I know it’s terrible that Hostplus executives wined and dined employer customers, who then kept or put their money with the fund. However, those big-end-of-town boss’s employees got returns on their super that most Aussies only dreamed about.
Let me emphasise this: those returns are bloody great and deserving of some reward, such as a good day at the tennis!
In case you’re wondering, the fund has more than $34 billion in funds under management and more than 1 million members, predominantly in the hospitality and tourism sectors.
And believe it or not, but size matters when it comes to super. Fronting the Royal Commission, the CEO of Hostplus, David Elia, explained how important numbers are: “Relationships are incredibly important, certainly in our industry. The battle, if I can use that term, is all about the retention of default fund status,” he explained.
Building and keeping relationships with employers, who have chosen or may choose Hostplus as the default fund for employees, is essential for the fund to build scale, which helps keep fees low and investment returns high. Big numbers get funds and lower premiums on insurance. And while normal people would be shocked about these expenses, normal people are really bad at building wealth, while these tennis-going super funds have been the opposite — they’re really good.
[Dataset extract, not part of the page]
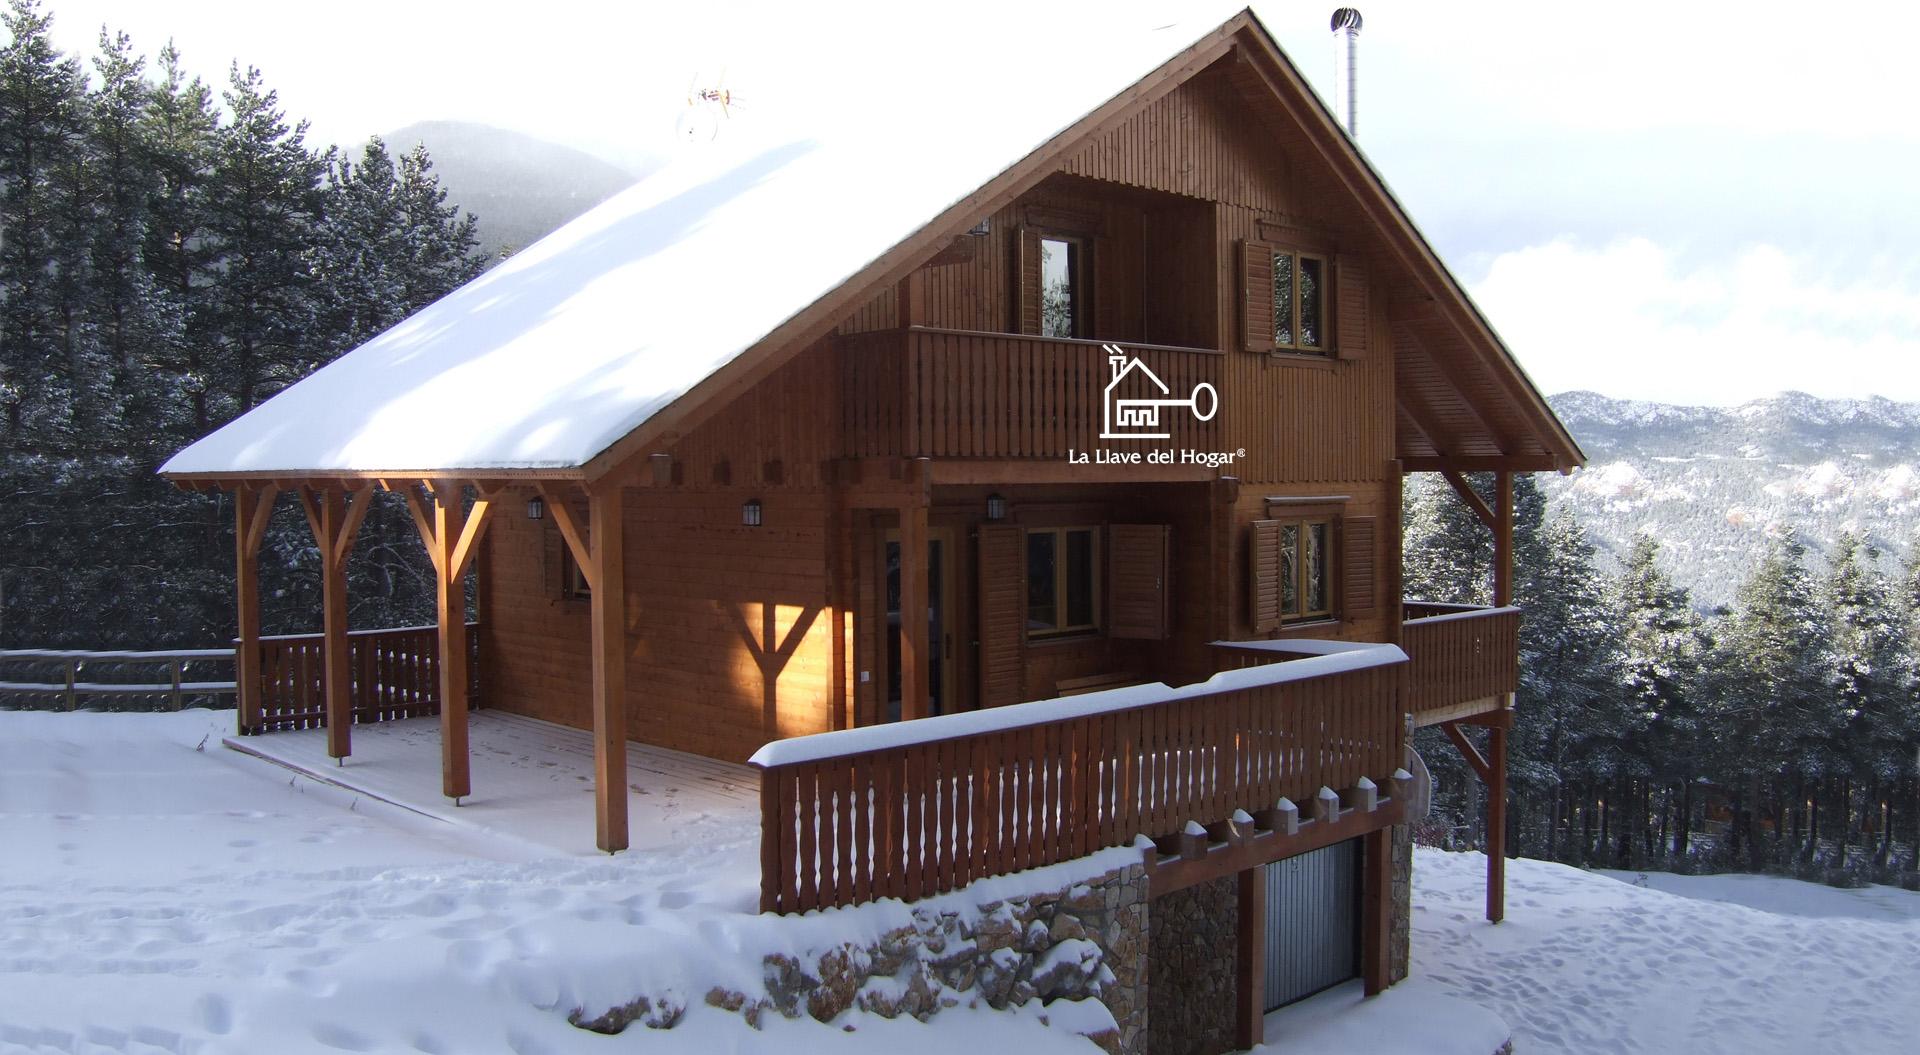 La llave del hogar casas de madera y entramado ligero - Casas de madera y mas ...

Normal people would be surprised at a lot of things that the big-end-of-town executive gets that could be called a junket. And they’d be shocked at what doctors, lawyers, accountants, financial planners and even journalists get.
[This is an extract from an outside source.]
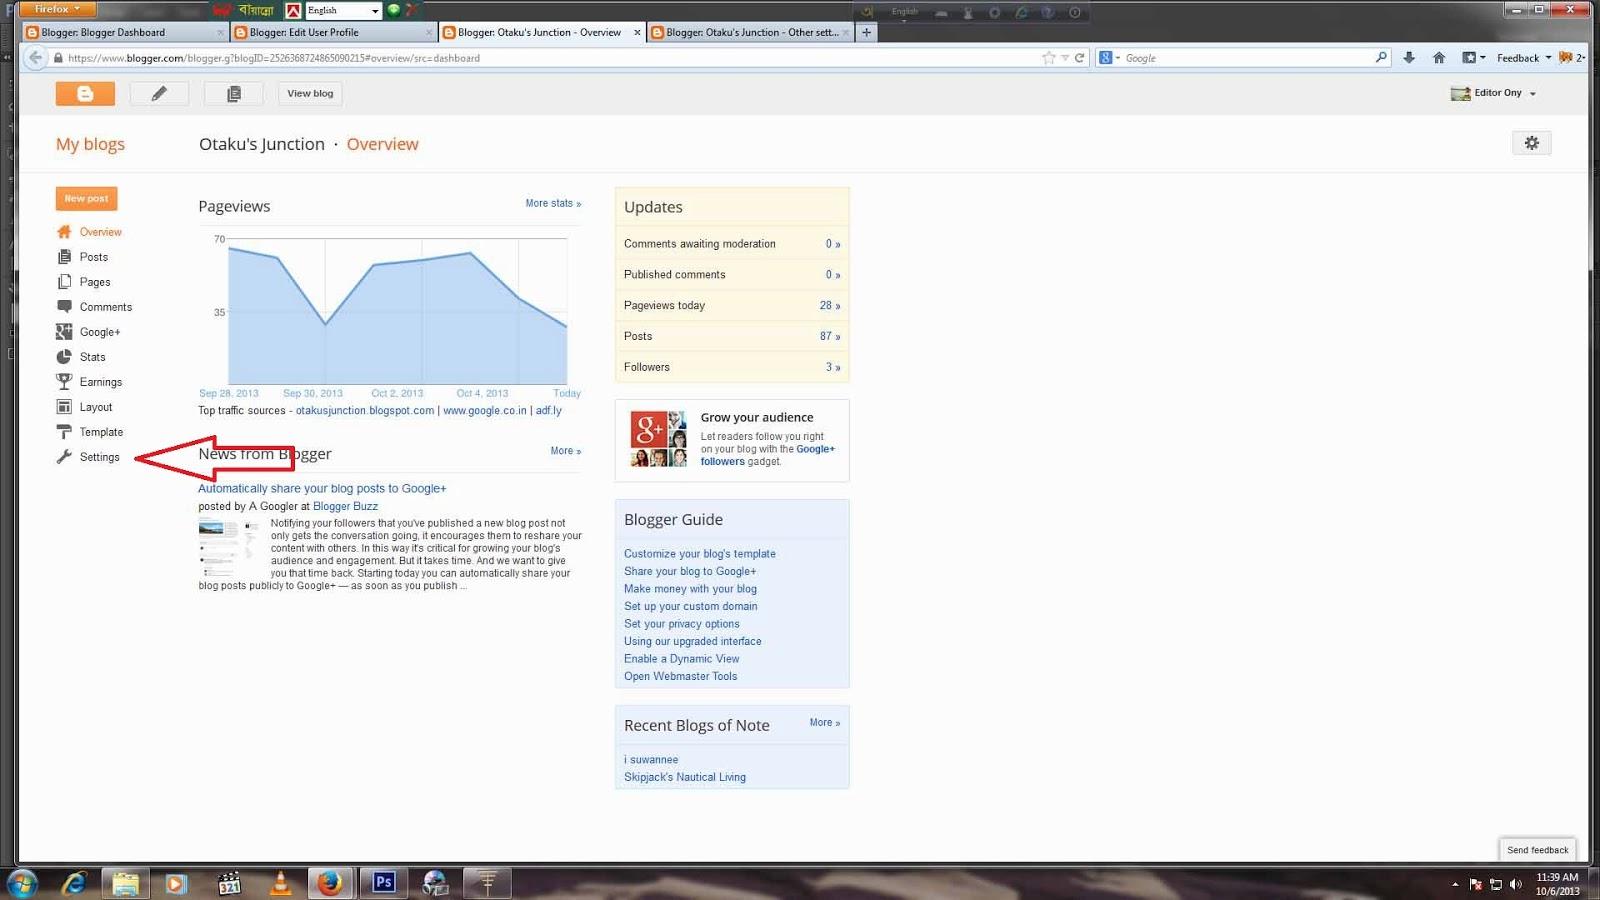 আপনার Blogspot blog টির Post গুলোর সম্পূর্ণ Backup নিন

When I migrated from academia to the heady world of the media I was shocked about where I had to eat or travel to so I’d get a story or interview. And they called it work!
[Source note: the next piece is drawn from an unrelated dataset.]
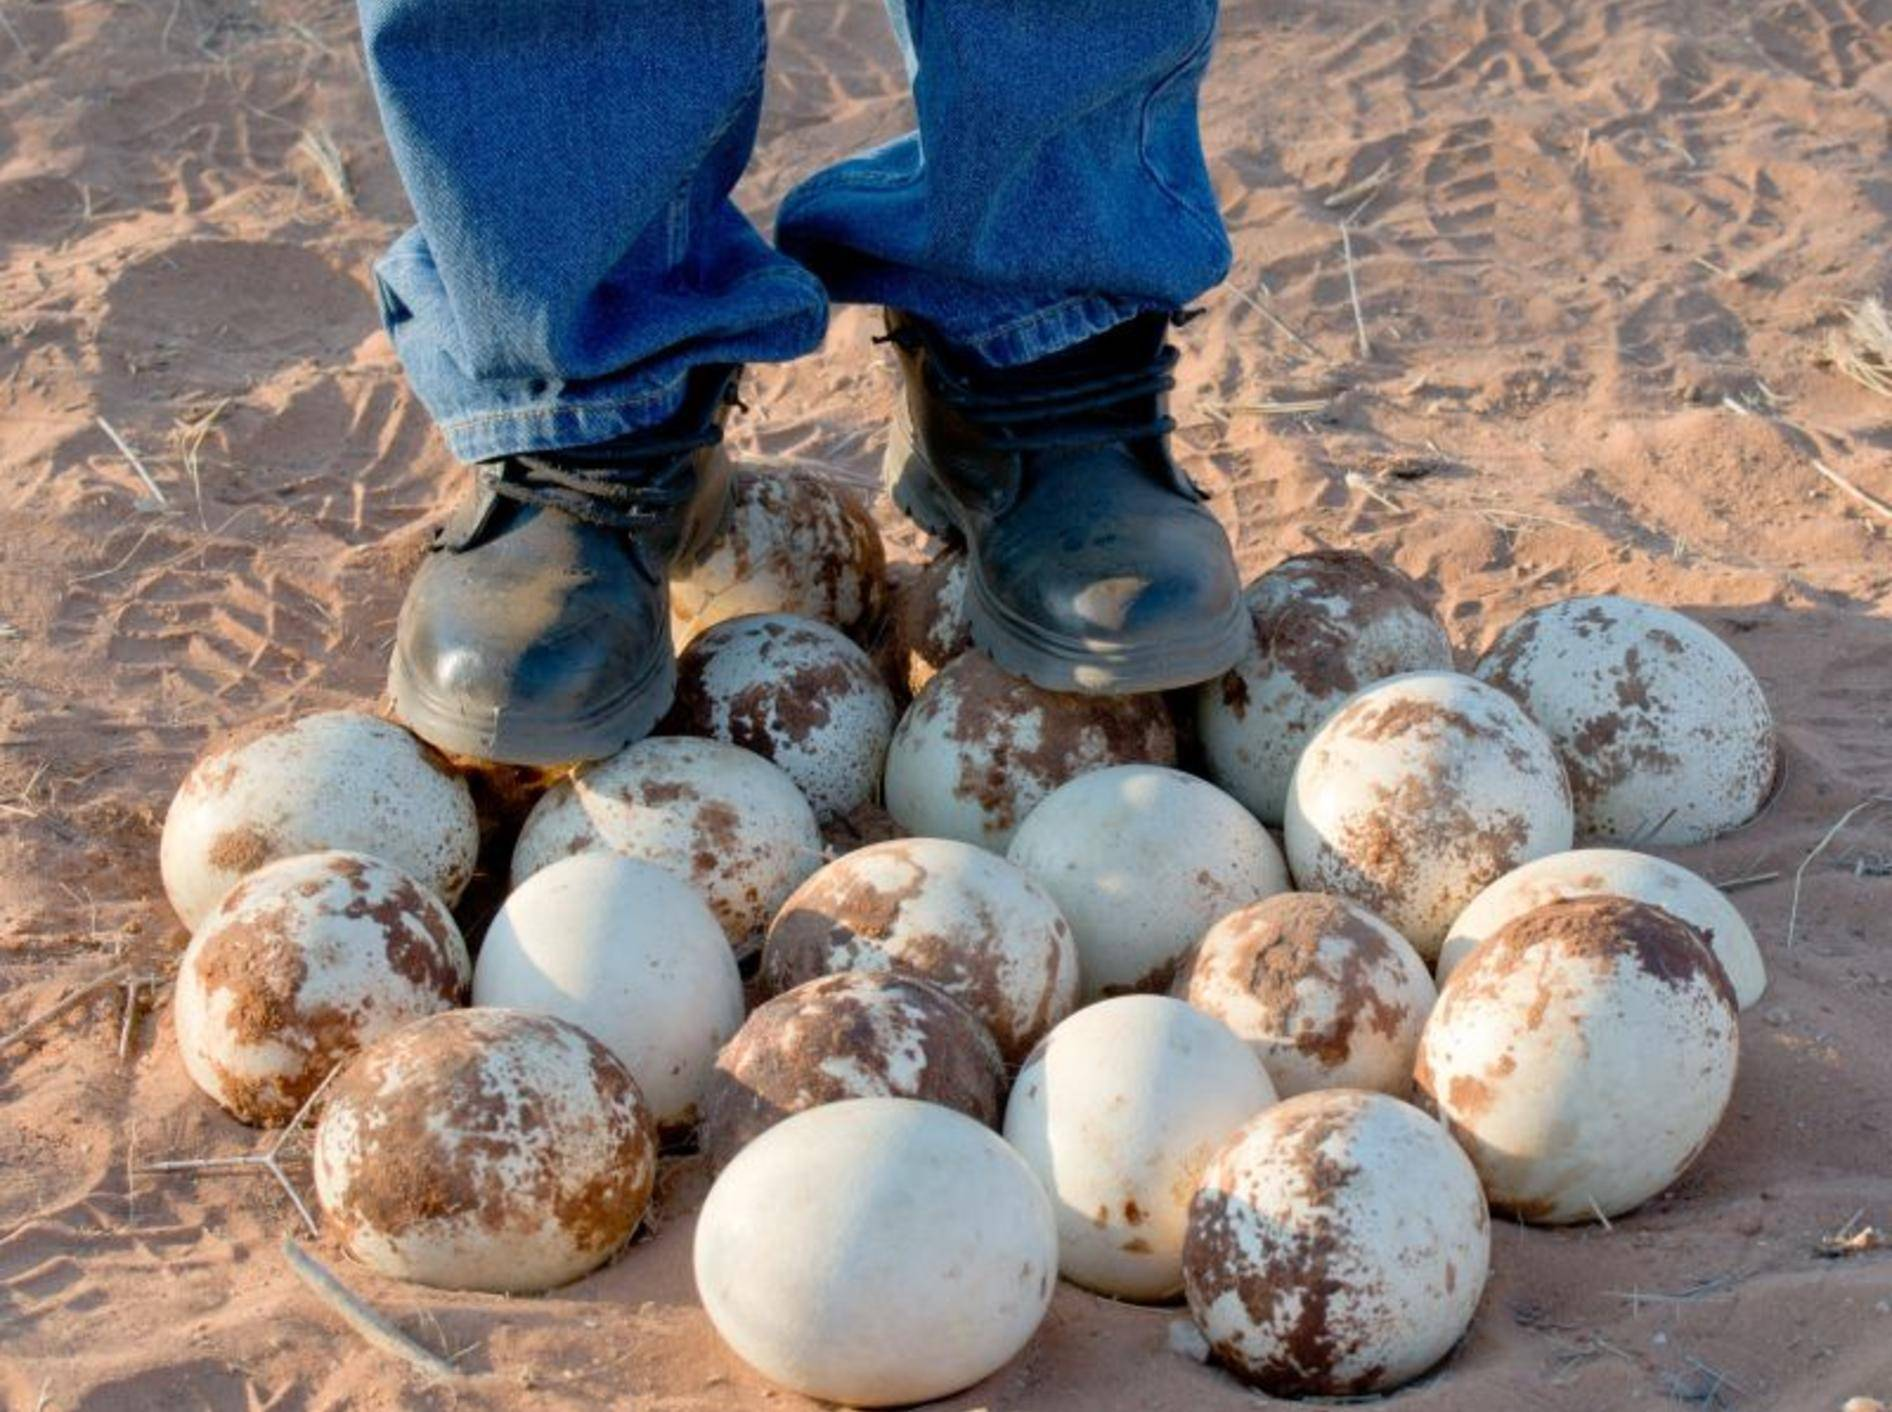 Diese Eier sind groß und haben eine fast unzerstörbare Schale. Zu welchem Tier gehören sie? — Bild: Shutterstock / iladm

My biggest complaint (and I reckon most normal people would agree with me) is that if “they’re all doing it,” which is what the Royal Commission heard, then as long as they give great returns building normal people’s wealth and are generally doing a great job, who cares?
If a Hostplus member goes to the fund’s website they could:
• Find their lost super.
• Merge their super funds.
• Learn about salary sacrifice.
• Find out how to access the Government’s free money called co-contribution.
• Be shown how to contribute to a spouse’s super.
• And be educated about super.
All these free services build up the future wealth and improve the material lives of their members. If taking important employers to the tennis helps to lower costs, then I say: “Give ‘em a break!”
Maybe the Catholic Super conflict of interest story looks a bit questionable, but contracts for ‘friends’ or family happen in many businesses and sectors, and it even happens in politics and the media!
This Royal Commission is reminding me every day of the Arthur Miller play The Crucible, where a valid witch hunt is getting out of hand and raises the question that if this show-and-tell expose of finance is fair and supported by the community, why not do a Royal Commission into every big business/sector in the economy?
Don’t get me wrong, what has been revealed about charging dead people fees and the like has been important because governments have been gutless to investigate and demand change. However, when you start knit picking over big businesses and what they do to entertain clients who provide contracts, jobs and in the case of super funds, lower fees, I think we’re getting into envy.
One final point, and this is a point of law. The learned counsel at the Commission, Ms Eloise Dias, underlined that it’s against the law governing super to use incentives to curry favour with customers: “Mr Elia, you're aware that section 68A of the SIS Act prohibits a trustee of a superannuation fund or any of its associates offering goods or services to a person on the condition that the person's employees will become a member of the trustee's superannuation fund?” Ms Dias explained.
Responding to the point of law, Mr Elia came back with: “It's about education, it is about engagement. It is not an inducement in any shape or form.”
Yep, and I’ve always been a great fan of making education as enjoyable as possible because it does improve concentration.
That’s what I try for every morning on this website!